This is the first time I am building a sentiment analysis machine learning model using the nltk NaiveBayesClassifier in Python. I know it is too simple of a model, but it is just a first step for me and I will try tokenized sentences next time.
The real issue I have with my current model is: I have clearly labeled the word 'bad' as negative in the training data set (as you can see from the 'negative_vocab' variable). However, when I ran the NaiveBayesClassifier on each sentence (lower case) in the list ['awesome movie', ' i like it', ' it is so bad'], the classifier mistakenly labeled 'it is so bad' as positive.
INPUT:
import nltk.classify.util
from nltk.classify import NaiveBayesClassifier
from nltk.corpus import names
positive_vocab = [ 'awesome', 'outstanding', 'fantastic', 'terrific', 'good', 'nice', 'great', ':)' ]
negative_vocab = [ 'bad', 'terrible','useless', 'hate', ':(' ]
neutral_vocab = [ 'movie','the','sound','was','is','actors','did','know','words','not','it','so','really' ]
def word_feats(words):
return dict([(word, True) for word in words])
positive_features_1 = [(word_feats(positive_vocab), 'pos')]
negative_features_1 = [(word_feats(negative_vocab), 'neg')]
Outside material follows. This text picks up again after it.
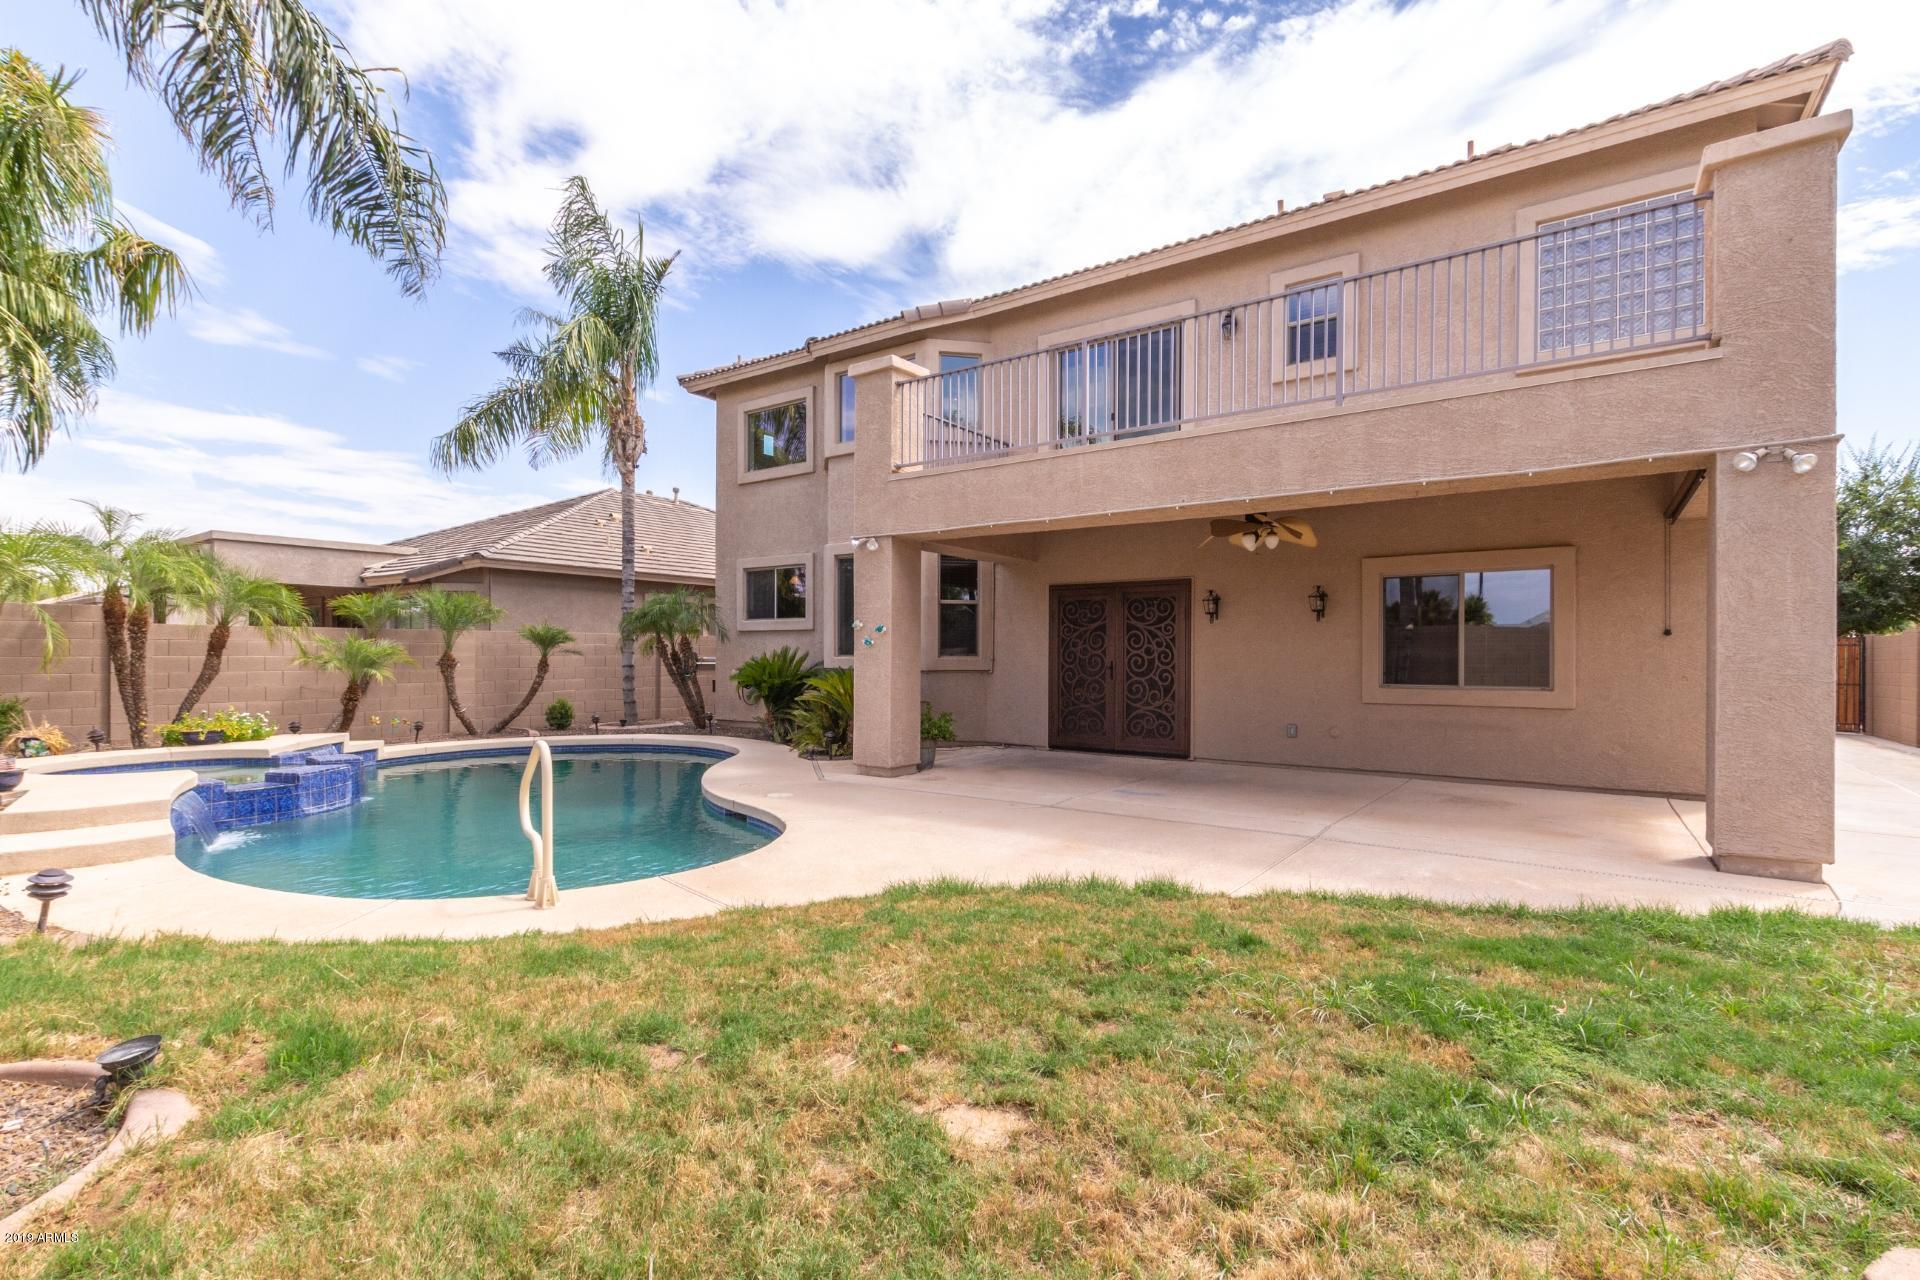 MLS 5952127 14956 W POINSETTIA Drive, Surprise, AZ 85379 Surprise AZ Rancho Gabriela

neutral_features_1 = [(word_feats(neutral_vocab), 'neu')]
train_set = negative_features_1 + positive_features_1 + neutral_features_1
classifier = NaiveBayesClassifier.train(train_set)
# Predict
neg = 0
pos = 0
sentence = "Awesome movie. I like it. It is so bad"
sentence = sentence.lower()
words = sentence.split('.')
def word_feat(word):
return dict([(word,True)])
#NOTE THAT THE FUNCTION 'word_feat(word)' I WROTE HERE IS DIFFERENT FROM THE 'word_feat(words)' FUNCTION I DEFINED EARLIER. THIS FUNCTION IS USED TO ITERATE OVER EACH OF THE THREE ELEMENTS IN THE LIST ['awesome movie', ' i like it', ' it is so bad'].
for word in words:
classResult = classifier.classify(word_feat(word))
if classResult == 'neg':
neg = neg + 1
if classResult == 'pos':
pos = pos + 1
print(str(word) + ' is ' + str(classResult))
print()
OUTPUT:
awesome movie is pos
i like it is pos
it is so bad is pos
To make sure the function 'word_feat(word)' iterates over each sentences instead of each word or letter, I did some diagnostic codes to see what is each element in 'word_feat(word)':
for word in words:
print(word_feat(word))
And it printed out:
{'awesome movie': True}
{' i like it': True}
{' it is so bad': True}
So it seems like the function 'word_feat(word)' is correct?
Does anyone know why the classifier classified 'It is so bad' as positive? As mentioned before, I had clearly labeled the word 'bad' as negative in my training data.